Prof Ramamohanarao Kotagiri
University of Melbourne
Title:Large Scale Metric Learning using Locality Sensitive Hashing.
Abstract:Metric learning tries discover mapping of features such that objects belonging a particular class each other in the new space. However, the current methods of discovering such matric mappings are computationally in feasible when the data set is huge with large number of features. My talk will describe the state of the art algorithms for metric learning. I will present our recent work on an efficient approach for discovering metric learning based mappings using Locality Sensitive Hashing (LSH). Our generic approach can accelerate state-of-the-art metric learning while achieving competitive classification accuracy, expanding feasibility by an order of magnitude. Our approach can accelerate Large Margin Nearest Neighbour (LMNN) to learn metrics on 1,000,000 samples in 3.6 minutes which is reduced from 5.8 hours.
Prof Jian Pei
Simon Fraser University
Title:Big Data for Everyone
Abstract:Big Data post grand opportunities and challenges for egocentric analytics on Big Data. In this talk, I will discuss several interesting problems centered on egocentric queries and analysis on Big Data.
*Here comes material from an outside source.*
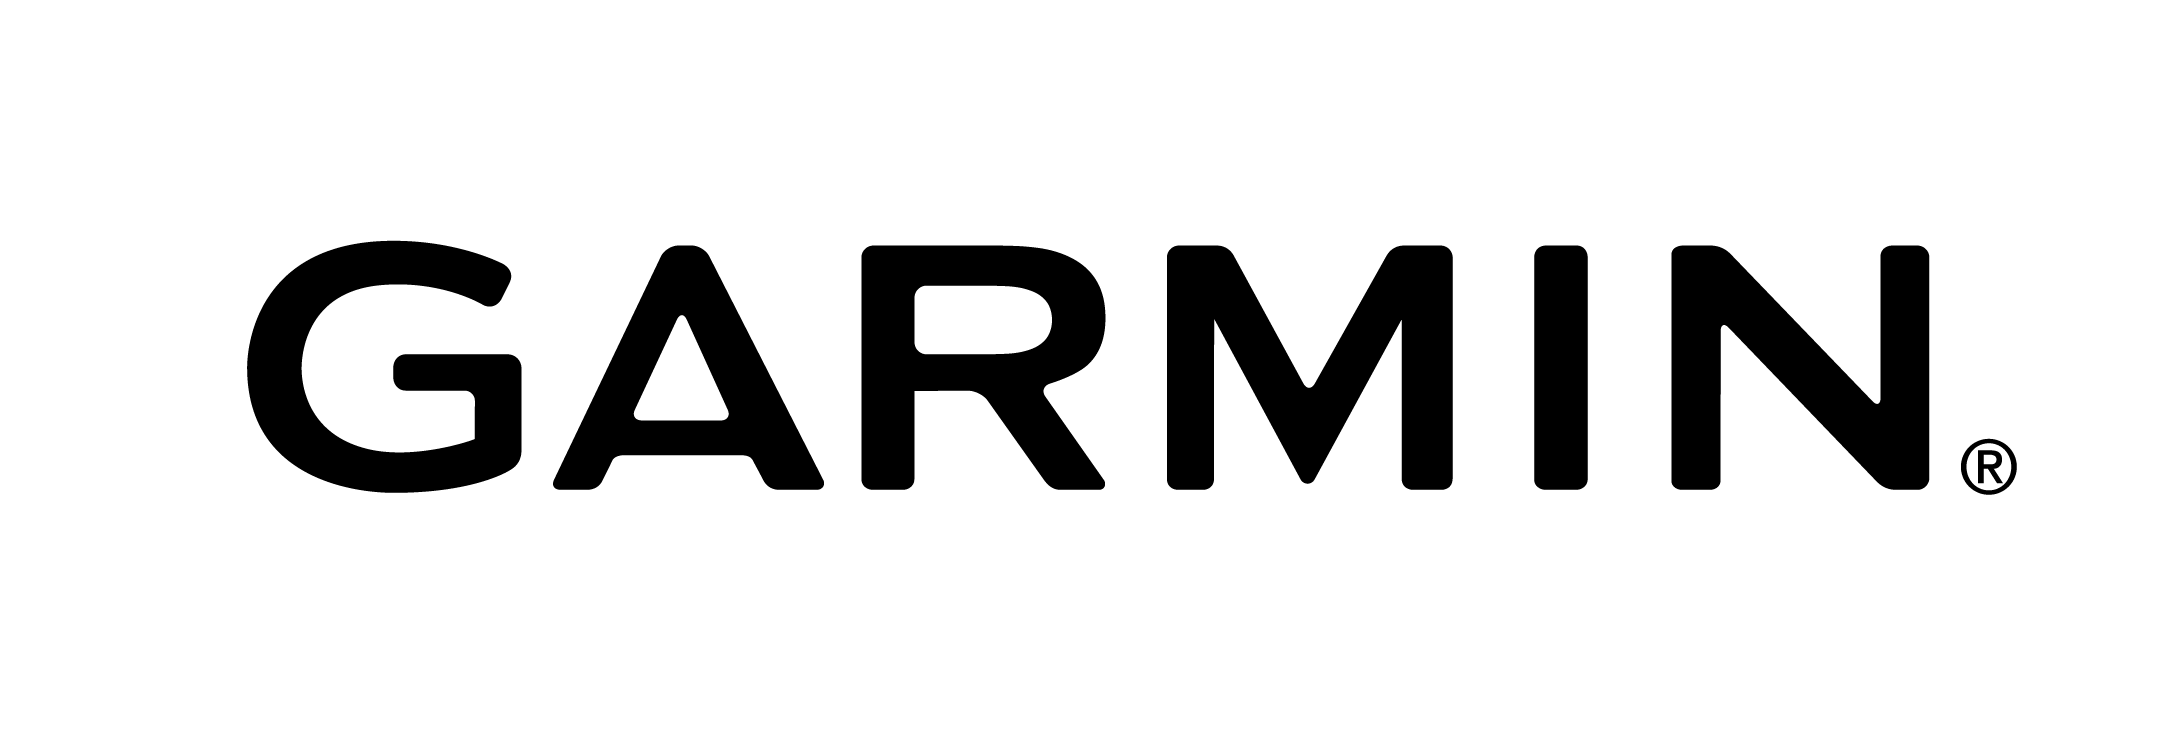 Garmin Logo PNG - 178465

We want to answer a series of natural questions imperative in several killer applications, such as "How is this patient similar to or different from the other Type II diabetes patients in the database?", "How is University X distinct from the other universities?", and "How is this residential property distinct from the others available in the market?" To answer such questions on Big Data, we have to search data of high dimensionality and high volume, and possibly of high dynamics as well. I will present some preliminary research results and some application case studies we obtained recently, as well as more challenges we identified.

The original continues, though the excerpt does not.